Anthos용 Google Cloud Run

개요

Anthos용 Google Cloud Run은 하이브리드 및 멀티클라우드 환경을 위한 유연한 서버리스 개발 플랫폼입니다. Anthos용 Google Cloud Run은 Google이 관리 및 완벽 지원하는 Knative 제품입니다. 완전관리형 Google Cloud를 사용하는 경우 Google Cloud Run 문서를 참조하세요.

Datadog Google Cloud Platform 통합을 사용하여 Anthos용 Google Cloud Run에서 메트릭을 수집합니다.

설정

메트릭 수집

설치

아직 설치하지 않은 경우 먼저 Google Cloud Platform 통합을 설정하세요.

이미 Workload Identity를 사용하여 Anthos용 Cloud Run 서비스를 인증한 경우 추가 단계가 필요하지 않습니다.

Workload Identity를 활성화하지 않은 경우, 마이그레이션하여 Workload Identity를 사용하도록 설정해야 Knative 메트릭 수집을 시작할 수 있습니다. 쿠버네티스(Kubernetes) 서비스 계정을 Google 서비스 계정에 바인딩하고 수집하려는 각 서비스에서 메트릭 Workload Identity를 사용하도록 설정하는 작업이 포함됩니다.
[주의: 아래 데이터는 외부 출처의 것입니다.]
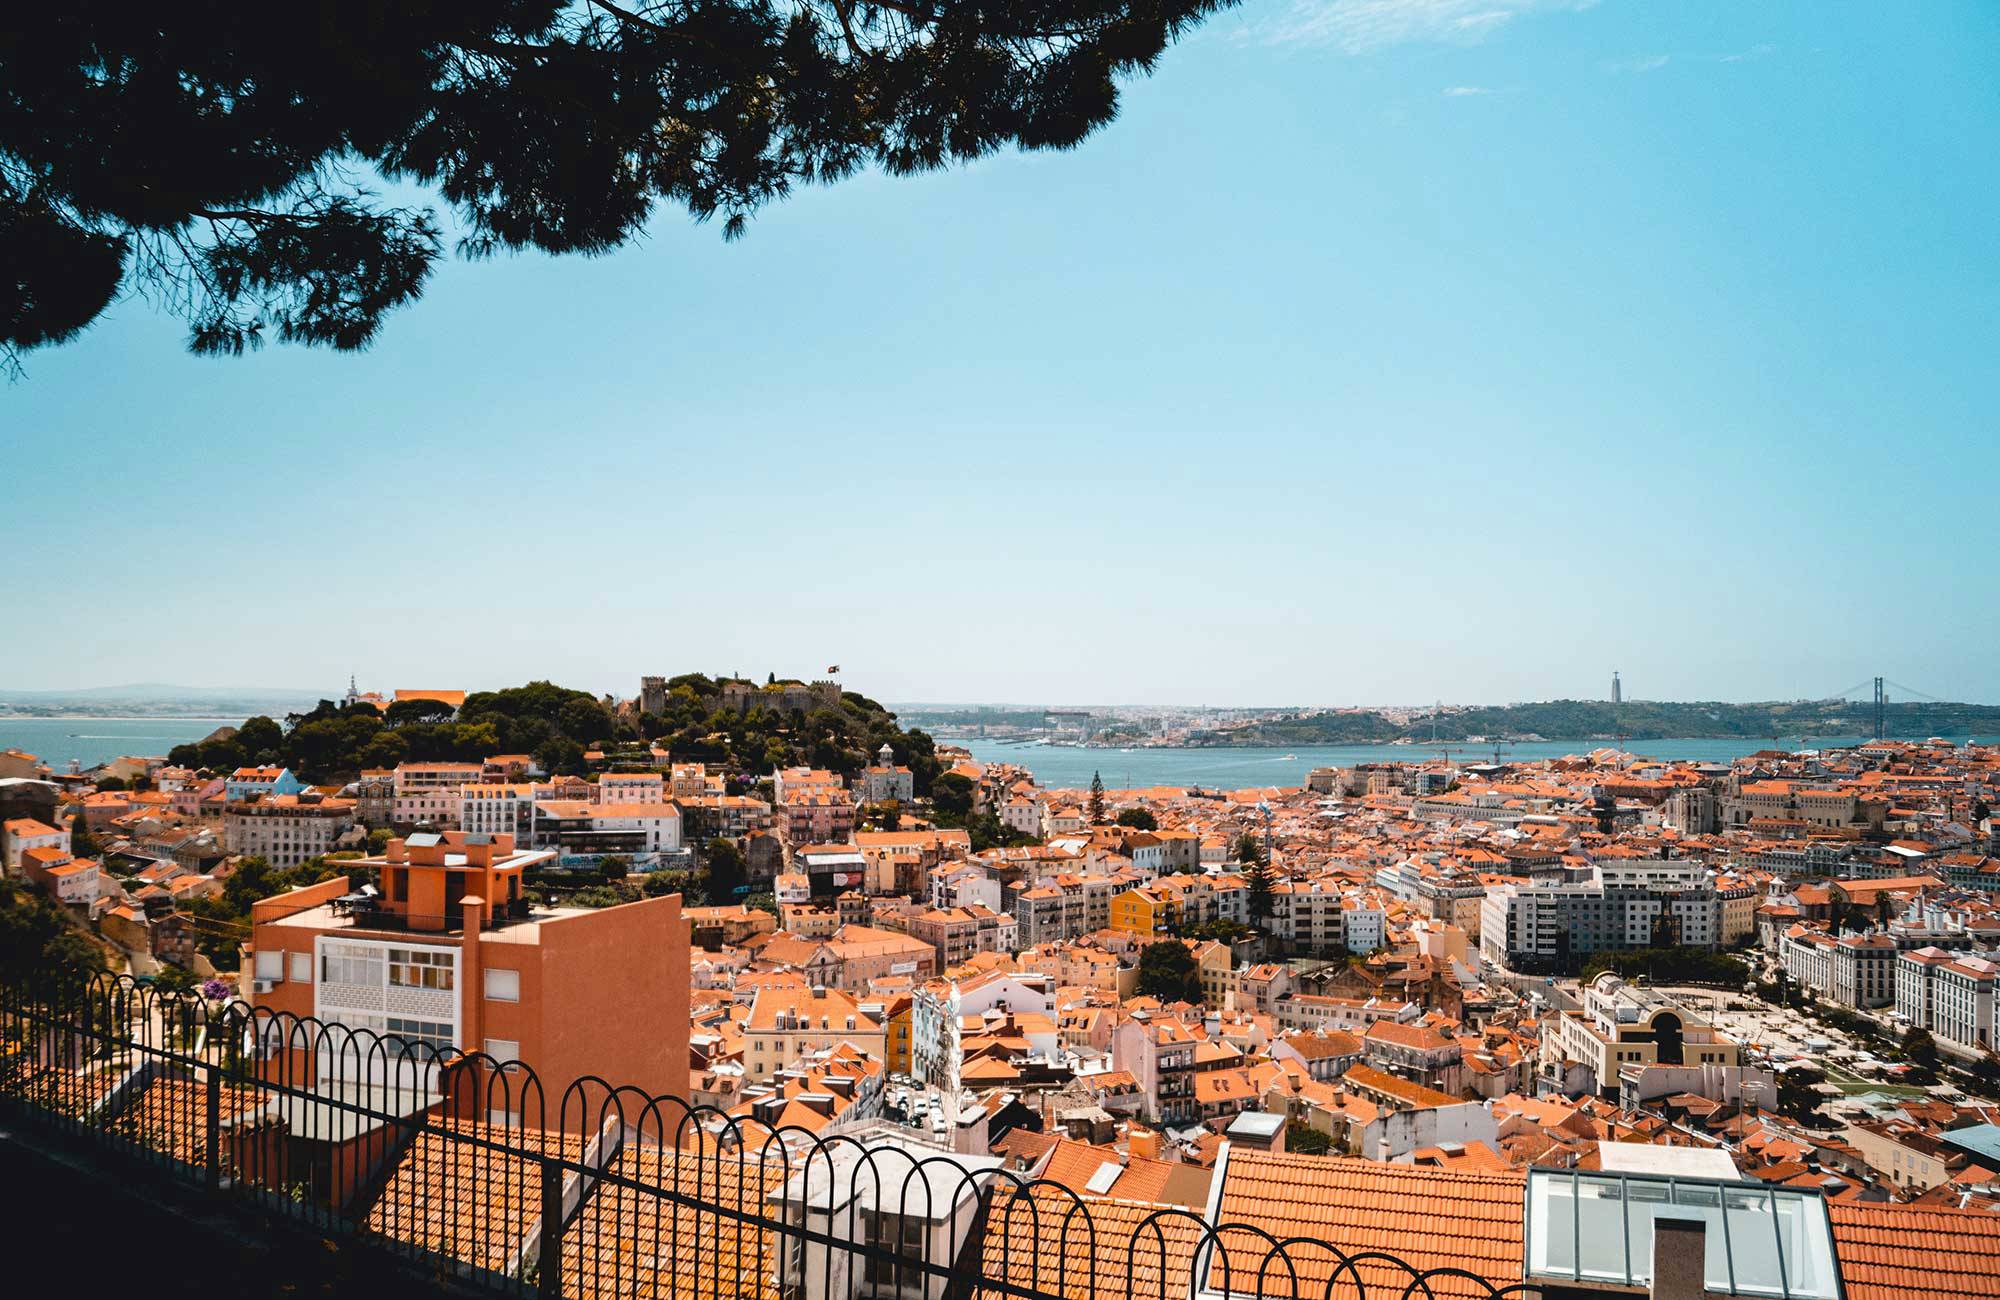 Portugal Lisbon City From The Rooftops

자세한 설정 지침을 확인하려면 Google Cloud Workload Identity를 참조하세요.

로그 수집

Anthos용 Google Cloud Run는 서비스 로그를 노출합니다. Google Cloud Run 로그는 Google Cloud Logging으로 수집하여 클라우드 Pub/Sub 토픽을 통해 데이터 플로우 작업으로 전송됩니다. 아직 설정하지 않았다면 Datadog 데이터 플로우 템플릿으로 로깅을 설정하세요.

이 작업이 완료되면 Google Cloud Logging에서 Google Cloud Run 로그를 Pub/Sub 주제로 내보냅니다.

Anthos용 Cloud Run으로 이동하여 원하는 서비스 을 클릭하고 로그 탭으로 이동합니다.
로그 탐색기에서 보기를 클릭하여 Google Cloud Logging 페이지로 이동합니다.
Create Sink를 클릭하고 그에 따라 싱크 이름을 지정합니다.
“Cloud Pub/Sub"를 대상으로 선택하고 해당 목적으로 생성된 Pub/Sub 주제를 선택합니다. 참고: Pub/Sub 주제는 다른 프로젝트에 있을 수 있습니다.
Create를 클릭하고 확인 메시지가 나타날 때까지 기다립니다.

추적 및 커스텀 메트릭

Datadog 어드미션 컨트롤러를 사용하여 애플리케이션 성능 모니터링(APM) 트레이서 및 DogStatsD 클라이언트를 자동 설정합니다. 다음 방법 중 하나를 사용하여 DD_AGENT_HOST 및 DD_ENTITY_ID 환경 변수를 삽입합니다.

admission.datadoghq.com/enabled: "true" 레이블을 포드에 추가합니다.
mutateUnlabelled: true를 설정하여 클러스터 에이전트 어드미션 컨트롤러를 설정합니다.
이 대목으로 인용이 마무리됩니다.